Вот и штаба, с финчастью, с секреткой, с постом 1 1 на положенном месте не оказалось. Недоумевая, я попытался наощупь найти хотя бы дверь солдатской чайной, но и ее на прежнем месте не обнаружилось. Передо мной была густеющая с каждым шагом, душная темная мгла. Туман был и справа, и слева, и над головой, и лишь по возгласам Филина я определил обратное направление. Собственно говоря, от родного гарнизона остался один лишь плац с несколькими зданиями по периметру. Чудом уцелел свинарник, штурмовая полоса со стоящей за ней дежурной радиостанцией, склад ГСМ, спецхранилище, фрагмент забора с караульной вышкой и ярким прожектором на ней. Помнишь, манкурт, как стоя на ночном посту, ты мучительно всматривался во мрак. Сколько раз за службу ты до рези в глазах глядел в предрассветных сумерках туда, за фольварк, за капустное поле — на восток, Тюхин, в сторону своей Родины. Время шло, а солнце все не всходило и не всходило и тебе, паникеру, уже мерещилось нечто совершенно невозможное, несусветное, противное самой марксистско-ленинской природе вещей: а ну как облако за рекой так и не озарится, не окрасится розоватым багрянцем та сторона поднебесья, под которой имела место быть твоя единственная во всем мирозданьи страна, твоя Россия, Тюхин?! И какое счастье, какая радость вскипала в неподвластной всяким там Бдеевым душе твоей, когда утро все-таки наступало, а стало быть где-то там, далеко-далеко, аж за двумя государственными границами, бренчал первый питерский трамвай, били куранты на Спасской башне, как ни в чем не бывало, даже без главной гайки в моторе, выезжал на колхозное поле дедулинский трактор. «Нет, мы еще повоюем, Витюша, — сами собой шептали губы твои, — еще почитаем со сцены Политехнического что-нибудь свое, тюхинское!..»

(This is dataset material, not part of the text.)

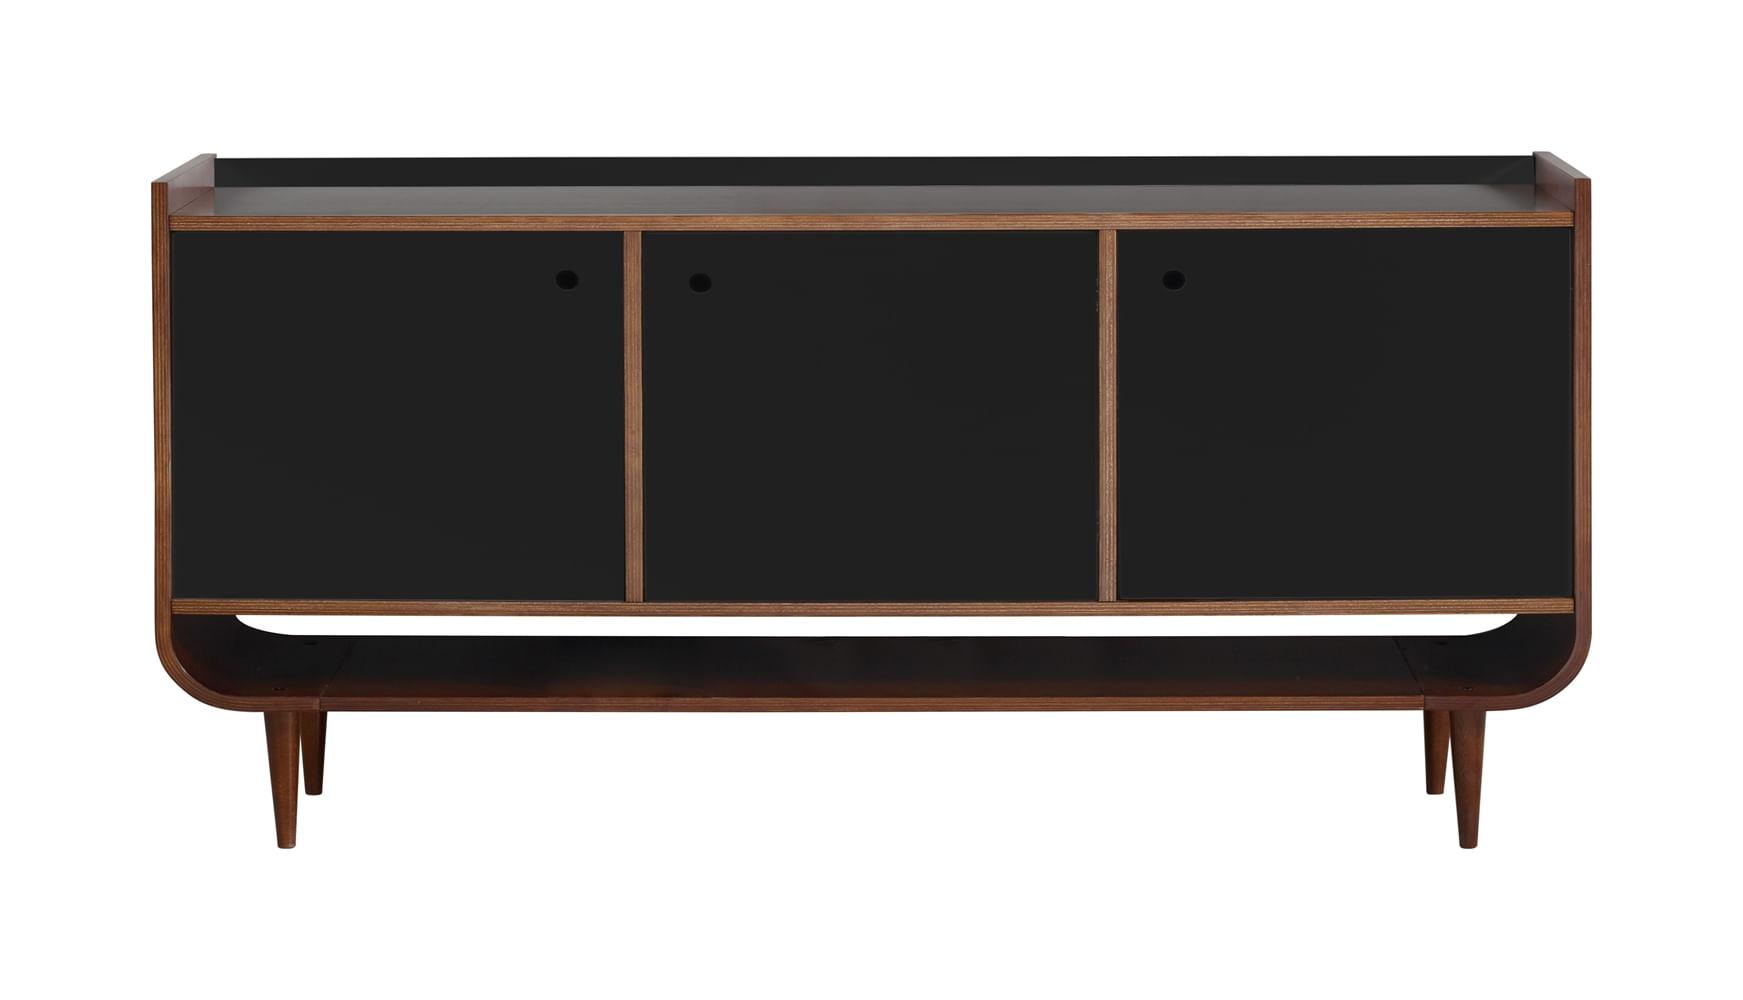 Buffet Dylan C/ 3 Portas Madeira Cor Cacau/Preto - 22483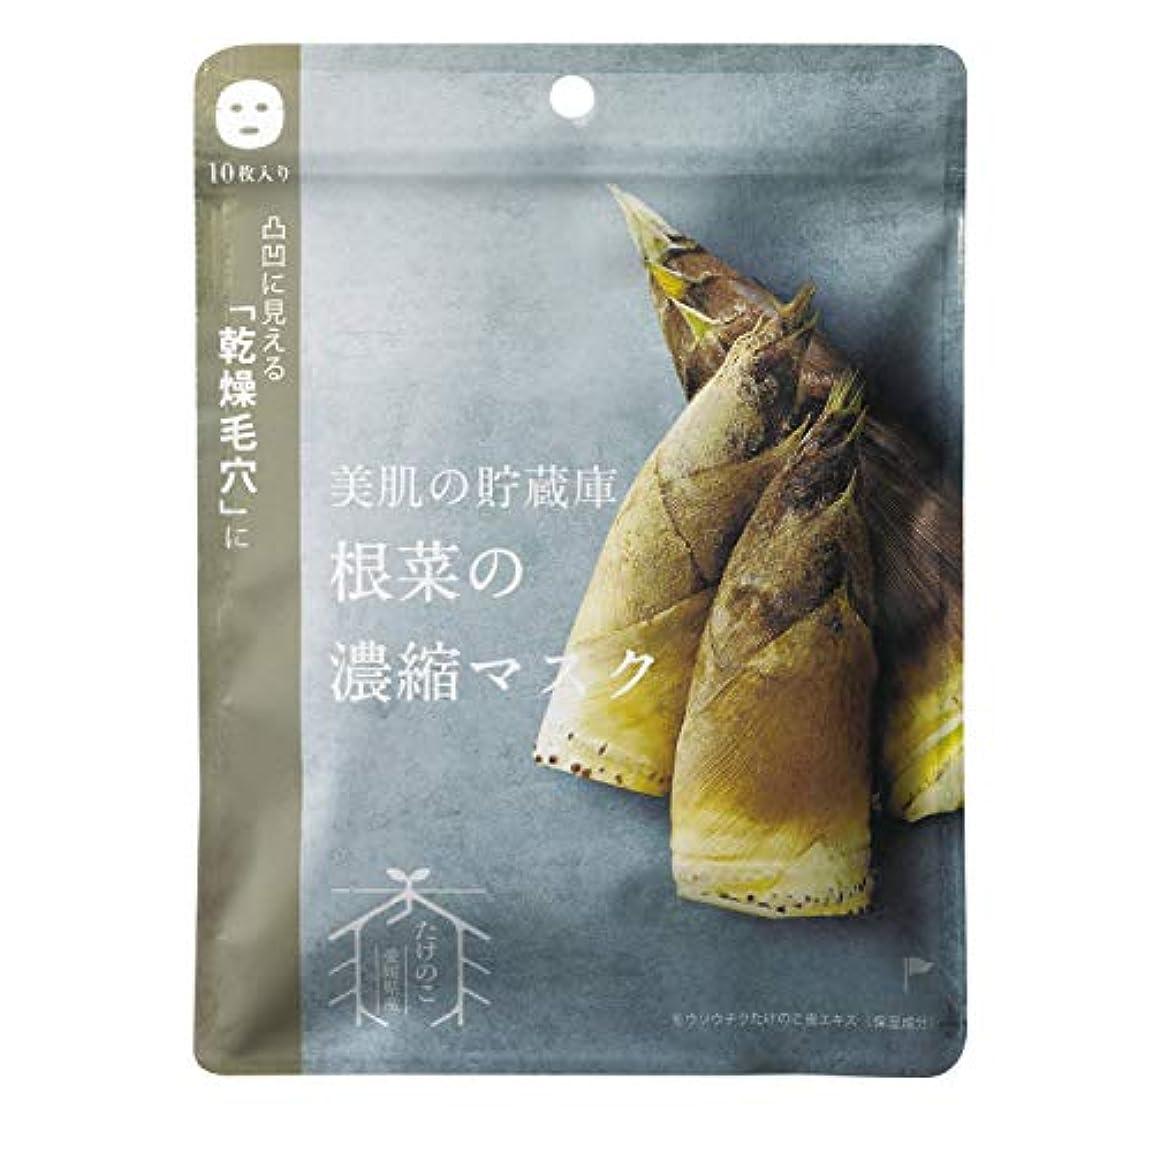 ペストすべき論文@cosme nippon 美肌の貯蔵庫 根菜の濃縮マスク 孟宗竹たけのこ 10枚 160ml

Короче, этот чертов цыган Ромка раскупорил бутылку шнапса, мы залудили из горлышка, запили светлым альтенбургским. Шпырной, бестия, обнял меня за плечо и говорит: «Слышь, Тюха, давай махнемся часиками не глядя!» И я посмотрел на свои золотые «роллексы», и сначала засомневался, а потом как вспомнил, сколько еще служить, как махнул рукой: «Э-э, да чего уж там!..» И махнулся, лопух несусветный, дал что называется маху: этот прохиндей всучил мне советскую «Победу» чуть ли не времен борьбы с космополитизмом, всю поцарапанную, с трещиной на стекле, но зато, правда, на ходу, вовсю, в отличие от моих золотых, тикающую.
Короче, я вернулся в казарму, погладился — нет, не твоим жульническим манером, не с помощью мокрой расчески, когда пропускаешь материю ХБ между зубчиками — я погладился по-настоящему, Тюхин, через влажную тряпочку, горячим утюжком. Я подшил свежий подворотничок, до блеска надраил сапоги и после развода заступил дневальным по батарее.
Ты, склеротик, поди уже и забыл, что это за счастье, когда стоишь в наряде у тумбочки! Вот ты стоишь и открывается дверь, и входит товарищ майор, и ты командуешь: «Батарея, сми-ирна-а!», и все, как в сказке, где кто стоит — замирают как заколдованные!.. «Бат-тарея, строиться на ужин!» — входя во вкус, гаркаешь ты, и она, бурча желудками, как миленькая строится!.. Ровно в 23.00 ты орешь, елки зеленые: «Батар-ррея, а-аатбой!» — и твои корешки, поворочавшись, засыпают, и притом куда крепче, чем засыпал ты на антизапойных сеансах у своего дурацкого доктора Шпирта.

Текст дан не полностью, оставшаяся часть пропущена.